Q: You made the point in your paper that US relations started to tank with Iraq after the rejection of the oil pipeline.

A: That's true. There was a shift away from Iraq to Iran right at that time, but I should say that Reagan and Bush the First both played both sides of the fence for a while, even after the pipeline project collapsed. You had the Iran Contra deal, but at the same time the U.S. was providing Iraq with intelligence about Iranian troop movements. And the U.S. did extend commodity credits through the Agriculture Department that Saddam then parlayed into arms. And there were the chemical plants that Bechtel helped build. So it's been quirkier than that. But certainly the end of the pipeline destroyed oil relations.

Q: What do you think led to the current war. What's the oil link?

A: Look at what's in Iraq and what's undeveloped. Iraq represents a major insurance package against any kind of political overhaul in Saudi Arabia or problems elsewhere in the Middle East. Look at the policy that people like Rumsfeld and others were recommending in the 1990s leading up to this war and they certainly cited the threat of Saddam Hussein to regional oil supplies as a cause for war. Certainly if the Bechtel pipeline had been built, the course of Iraqi-U.S. relations would have been much different. The failure of that pipeline set into motion a much different course for those relations.

A: So having control of Iraqi oil is still a key issue?

Q: It's the sole reason why the Persian Gulf region and Iraq have been a United States national security concern for so long. It's not geography.

Q: So what would you say is the lesson of all this?

A: The lesson is that when it comes to oil, a dictator is friendly to the U.S. when he's willing to do business and he's a mortal enemy when he's not.

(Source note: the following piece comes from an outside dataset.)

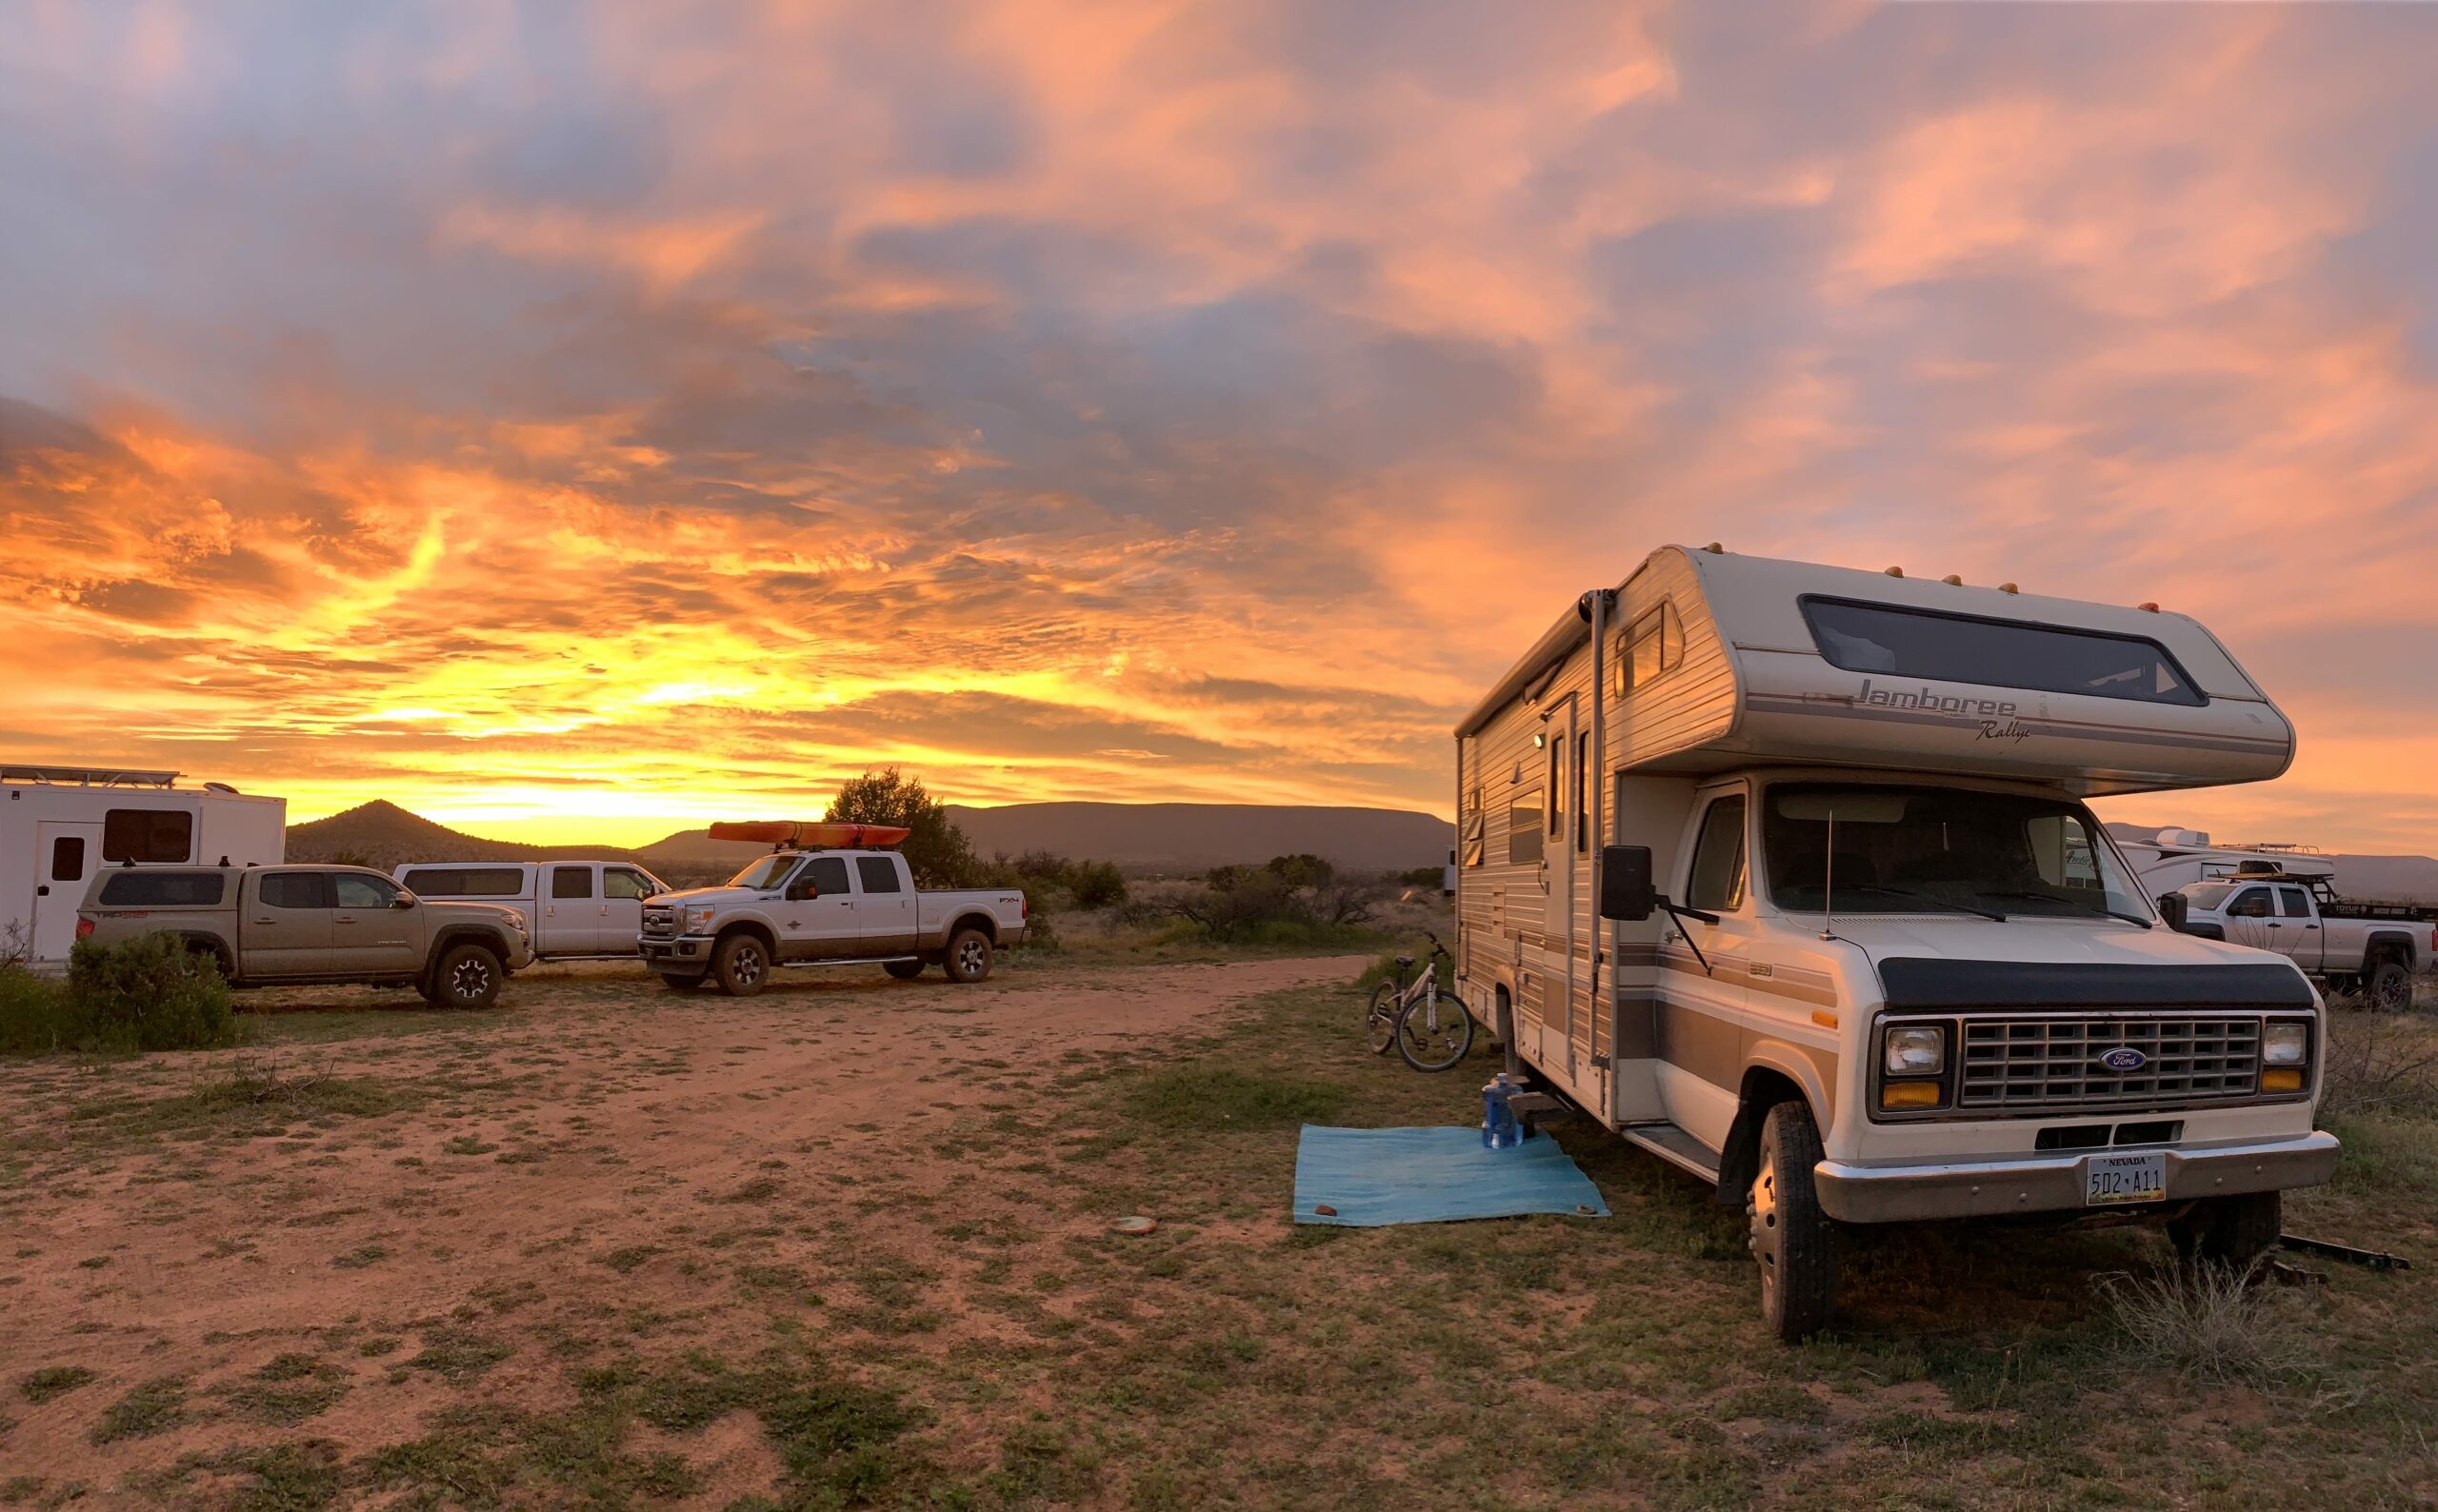 RV in desert at sunset

That has been the driving force behind national security policy, especially since the fall of the Soviet Union. Oil and national security policy were all submerged in the context of the Cold War. But once that Cold War collapsed, now it's a no-holds-barred battle for oil globally, and the U.S. has seen itself cut out of the world's second largest reserve of oil--and oil that is very inexpensive to extract. So with the U.S. shut out of Iraq, certainly it makes the trigger fingers of U.S. policy-makers itchy. And whether it's a blood feud or a war for oil, it's just a tragedy that the people of Iraq and our own sons and daughters and brothers and sisters are paying the price.